On Wed, Jul 23, 2025 at 09:48:27PM +0530, Dev Jain wrote:
> @@ -1301,16 +1319,76 @@ int pud_free_pmd_page(pud_t *pudp, unsigned long addr)
>  	}
>  
>  	table = pmd_offset(pudp, addr);
> +
> +	/*
> +	 * Our objective is to prevent ptdump from reading a PMD table which has
> +	 * been freed.  Assume that ptdump_walk_pgd() (call this thread T1)
> +	 * executes completely on CPU1 and pud_free_pmd_page() (call this thread
> +	 * T2) executes completely on CPU2. Let the region sandwiched by the
> +	 * mmap_write_lock/unlock in T1 be called CS (the critical section).
> +	 *
> +	 * Claim: The CS of T1 will never operate on a freed PMD table.
> +	 *
> +	 * Proof:
> +	 *
> +	 * Case 1: The static branch is visible to T2.
> +	 *
> +	 * Case 1 (a): T1 acquires the lock before T2 can.
> +	 * T2 will block until T1 drops the lock, so pmd_free() will only be
> +	 * executed after T1 exits CS.
> +	 *
> +	 * Case 1 (b): T2 acquires the lock before T1 can.
> +	 * The sequence of barriers issued in __flush_tlb_kernel_pgtable()
> +	 * ensures that an empty PUD (via pud_clear()) is visible to T1 before
> +	 * T1 can enter CS, therefore it is impossible for the CS to get hold
> +	 * of the address of the isolated PMD table.
> +	 *
> +	 * Case 2: The static branch is not visible to T2.
> +	 *
> +	 * Since static_branch_enable() (via dmb(ish)) and mmap_write_lock()
> +	 * have acquire semantics, it is guaranteed that the static branch
> +	 * will be visible to all CPUs before T1 can enter CS. The static
> +	 * branch not being visible to T2 therefore guarantees that T1 has
> +	 * not yet entered CS .... (i)
> +	 * The sequence of barriers via __flush_tlb_kernel_pgtable() in T2
> +	 * implies that if the invisibility of the static branch has been
> +	 * observed by T2 (i.e static_branch_unlikely() is observed as false),
> +	 * then all CPUs will have observed an empty PUD ... (ii)
> +	 * Combining (i) and (ii), we conclude that T1 observes an empty PUD
> +	 * before entering CS => it is impossible for the CS to get hold of
> +	 * the address of the isolated PMD table.

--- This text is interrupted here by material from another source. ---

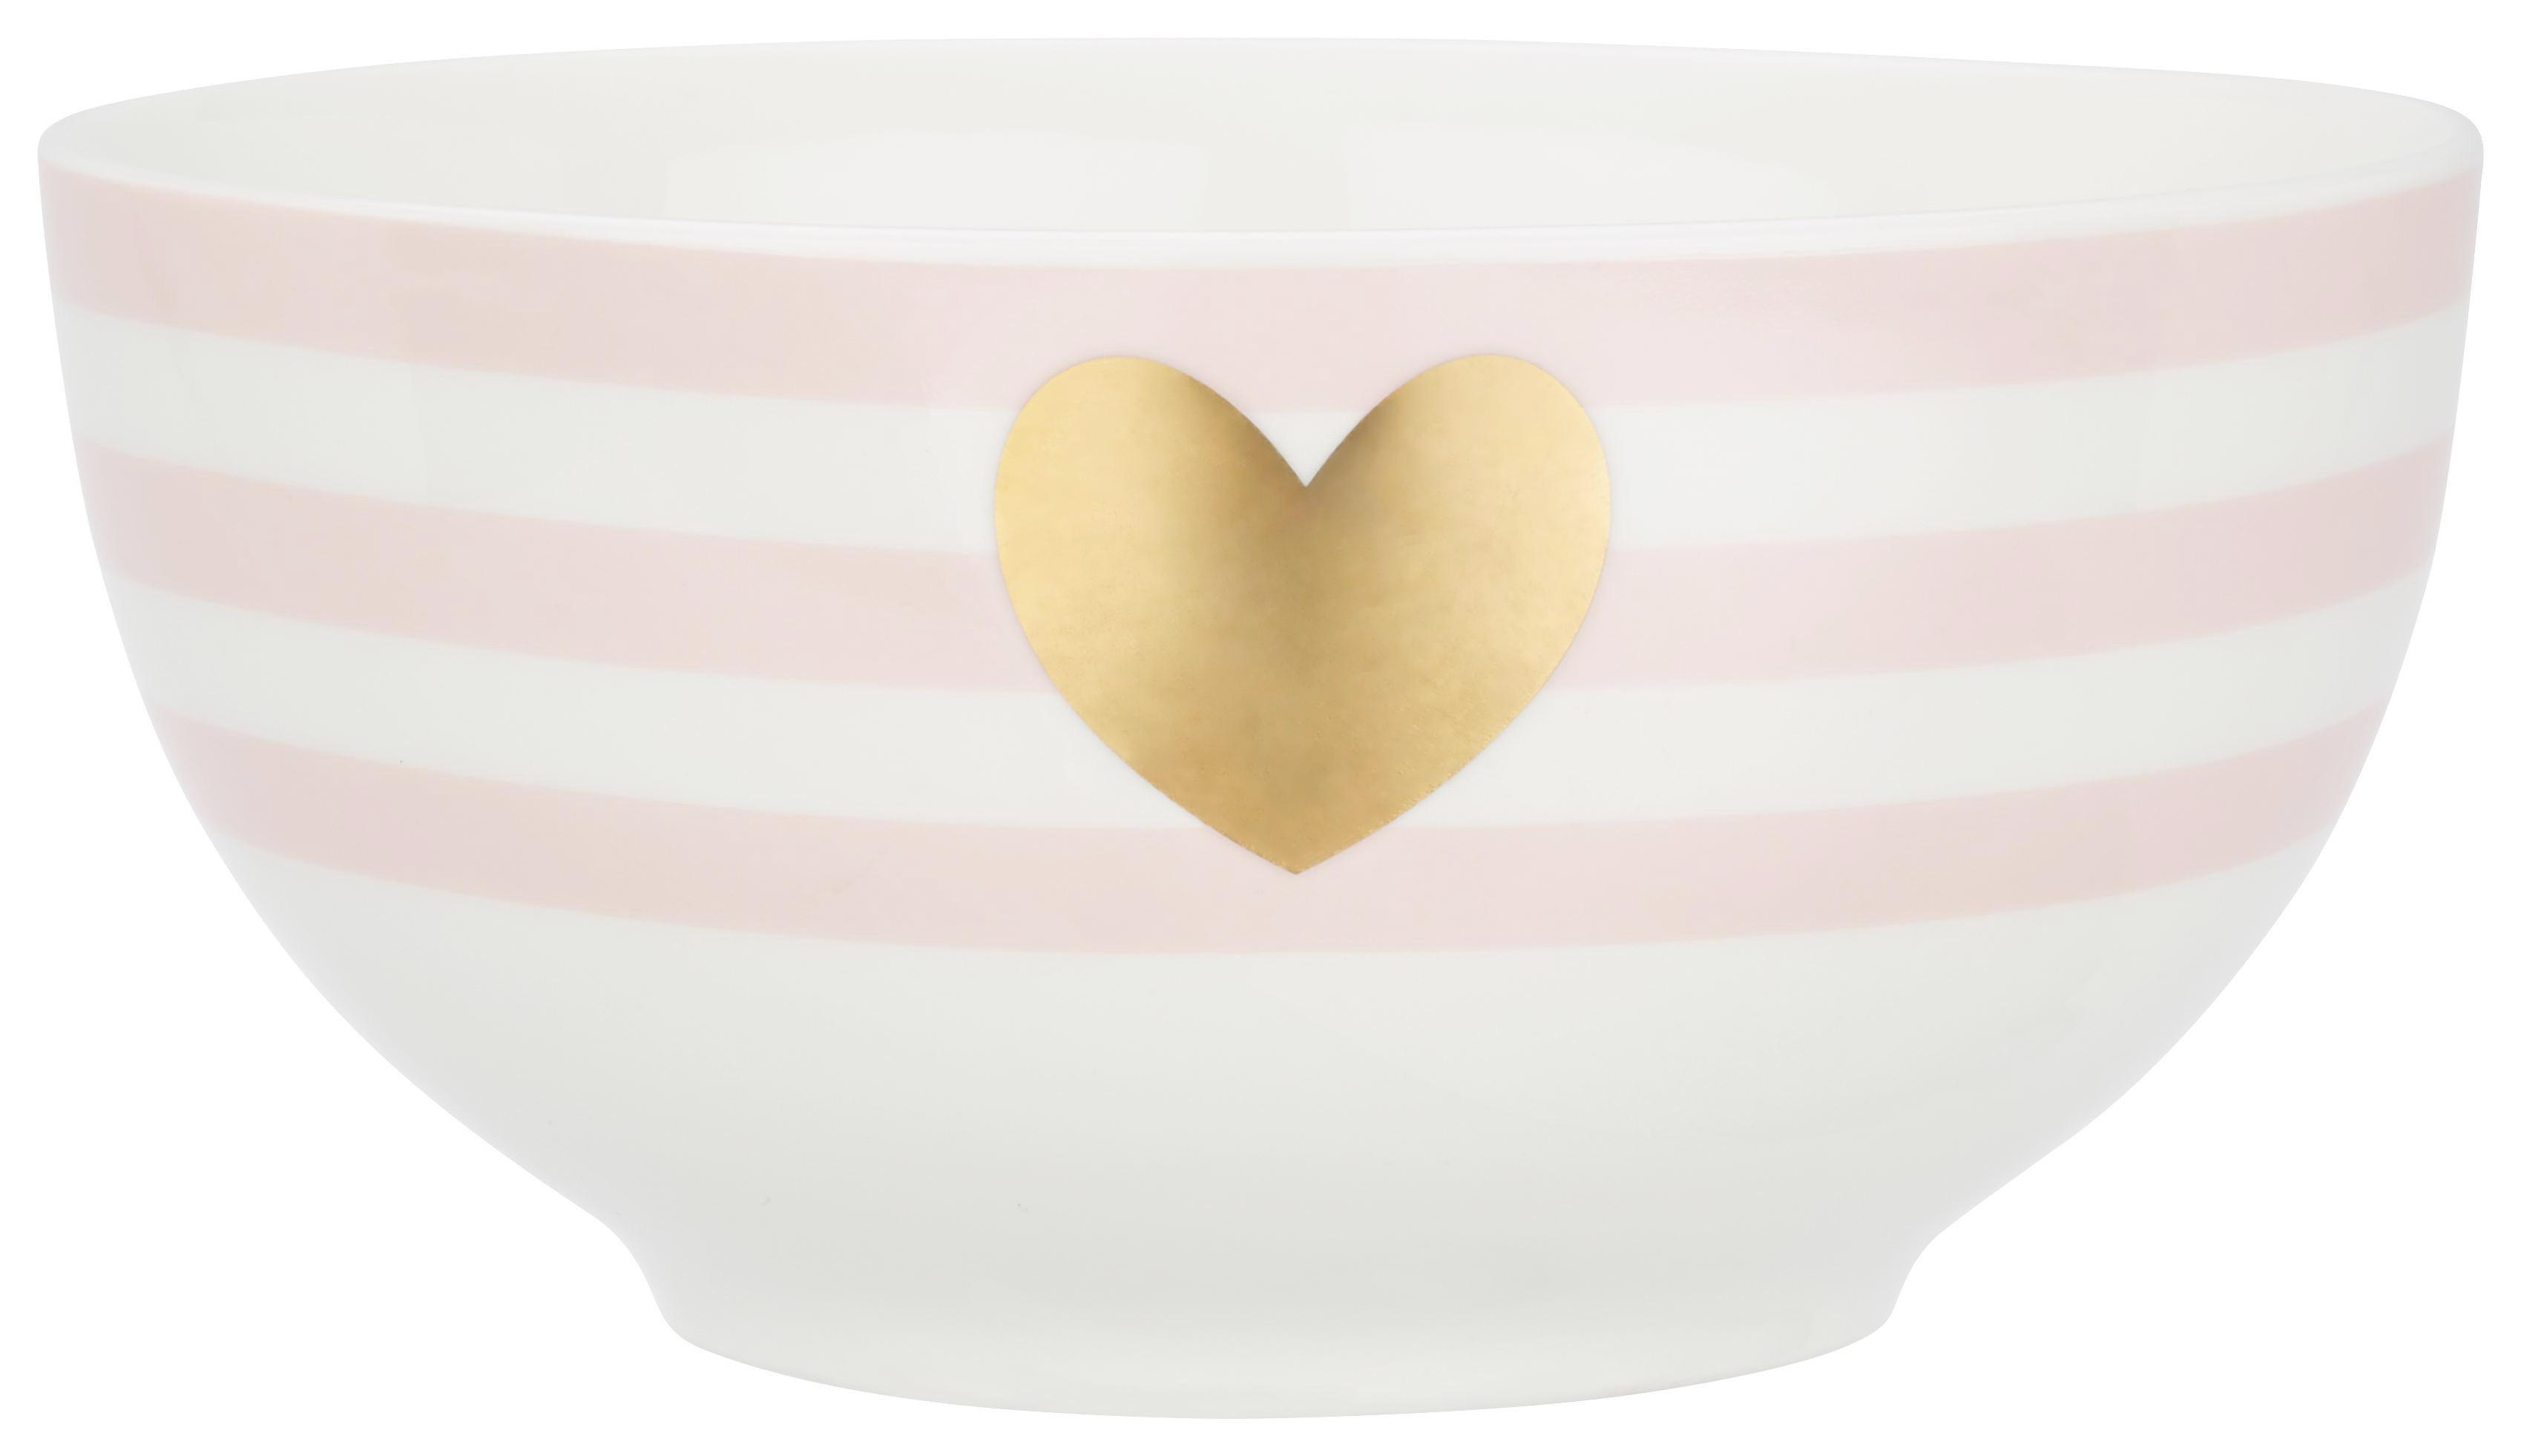 Müzlis Tál Bibi - rózsaszín/arany színű, romantikus/Landhaus, kerámia (14cm) - MÖMAX modern living

Q.E.D
> +	 *
> +	 * We have proven that the claim is true on the assumption that
> +	 * there is no context switch for T1 and T2. Note that the reasoning
> +	 * of the proof uses barriers operating on the inner shareable domain,
> +	 * which means that they will affect all CPUs, and also a context switch
> +	 * will insert extra barriers into the code paths => the claim will
> +	 * stand true even if we drop the assumption.
> +	 *
> +	 * It is also worth reasoning whether something can go wrong via
> +	 * pud_free_pmd_page() -> __pmd_free_pte_page(), since the latter
> +	 * will be called locklessly on this code path.
> +	 *
> +	 * For Case 1 (a), T2 will block until CS is finished, so we are safe.
> +	 * For Case 1 (b) and Case 2, the PMD table will be isolated before
> +	 * T1 can enter CS, therefore it is safe for T2 to operate on the
> +	 * PMD table locklessly.
> +	 */

Although I can see that you put a lot of effort into this comment, I
think we should just remove it. Instead, we should have a litmus test
in the commit message and probably just some small comments here to
explain e.g. why the mmap_read_lock() critical section is empty.

I'm currently trying to put together a litmus test with James (cc'd) so
maybe we can help you out with that part.

In the meantime...

> diff --git a/arch/arm64/mm/ptdump.c b/arch/arm64/mm/ptdump.c
> index 421a5de806c6..65335c7ba482 100644
> --- a/arch/arm64/mm/ptdump.c
> +++ b/arch/arm64/mm/ptdump.c
> @@ -283,6 +283,13 @@ void note_page_flush(struct ptdump_state *pt_st)
>  	note_page(pt_st, 0, -1, pte_val(pte_zero));
>  }
>  
> +static void arm64_ptdump_walk_pgd(struct ptdump_state *st, struct mm_struct *mm)
> +{
> +	static_branch_enable(&arm64_ptdump_lock_key);
> +	ptdump_walk_pgd(st, mm, NULL);
> +	static_branch_disable(&arm64_ptdump_lock_key);
> +}

What serialises the toggling of the static key here? For example, I can't
see what prevents a kernel page-table dump running concurrently with a
check_wx() and the key ending up in the wrong state.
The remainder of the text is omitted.